The young people will work with local craftspeople, will go on wild flower trips to identify content for the exhibit, will go to salvage yards to gain a deeper understanding of recycling and re-using materials, and will even be going to a sewage plant  – lucky kids!”    

“Gerardine is a gardening and Chelsea Flower Show addict and being able to work with Gateshead Council is another milestone in her design career.”    

What the Hemingway’s, the young people from Teams and Gateshead Council’s own horticultural experts have designed is an innovative garden which not only promises to challenge visitors to this May’s Chelsea Flower Show, but which will then – uniquely for a Chelsea Flower Show exhibit – become a permanent feature of a new community recreation area.    

Called “A Window of Opportunity”, the garden features edible plants to emphasise the joy of growing to eat and the importance of water.
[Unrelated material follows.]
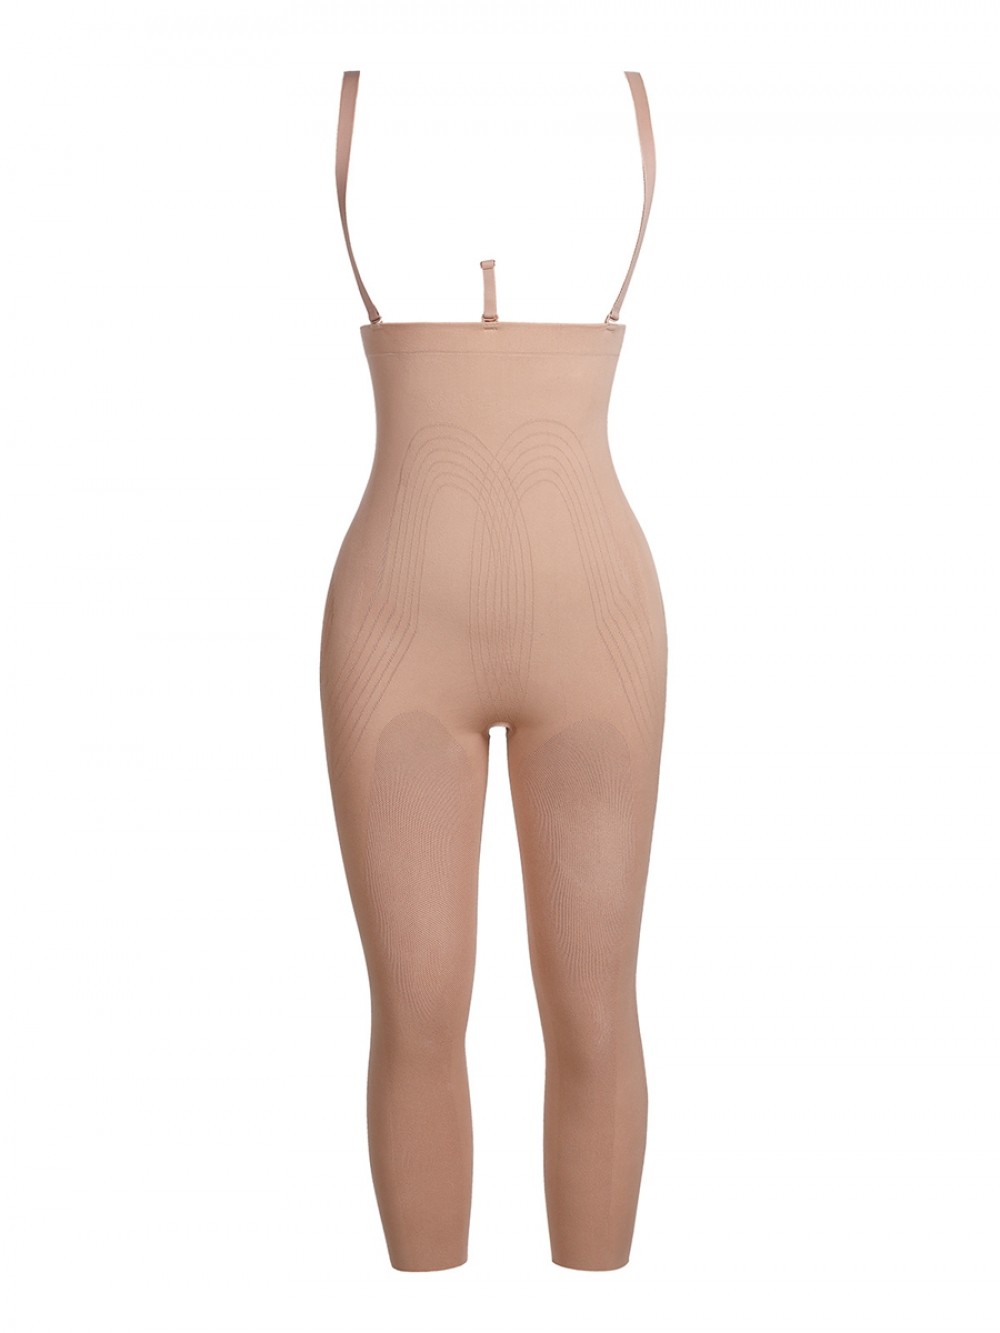 Nude Seamless Adjustable Straps Full Body Shaper Firm Control

It also features “living walls” of plants, tiered boxes of vegetables, fruit and plants, and walls and hedges created by espalier trees and grape vines. A pair of static training bikes linked to water pumps are used to pump water over the top of the living wall to filter down throughout the display to feed and water the plants.    

One side of the garden is viewed through a giant window frame which has been designed and decorated by young people from a local secondary school. The garden is sponsored by Northumbrian Water and will include a number of unusual water features, promoting water as a precious part of our lifestyle and as a commodity that can also be used for creative play. You get the gist…

Gerardine and I turned up first thing, before the show opened, on the press day. We had gone to the press tent to make sure the brochures / press info was in place. In pride of place in the tent was list “Celebrity Spotting at Chelsea today”… a list of celebrities that had taken up the offer of free tickets for press day. My name was on it, as a hater of the concept of celebrity I asked it to be removed!! 

The “Window of Opportunity” exhibit went down a treat. It won a RHS medal and the concept (especially the water re-cycling concept) received enormous international coverage from India, to New Zealand to Canada. 

In the UK we also got a whole raft of media coverage , but the sad thing was that all but one of the bits of UK media coverage  (including the BBC) focused on the celebs that chose to cycle on the bikes on the exhibit and failed to mention the community/ sustainability message behind the garden, and how sad is that?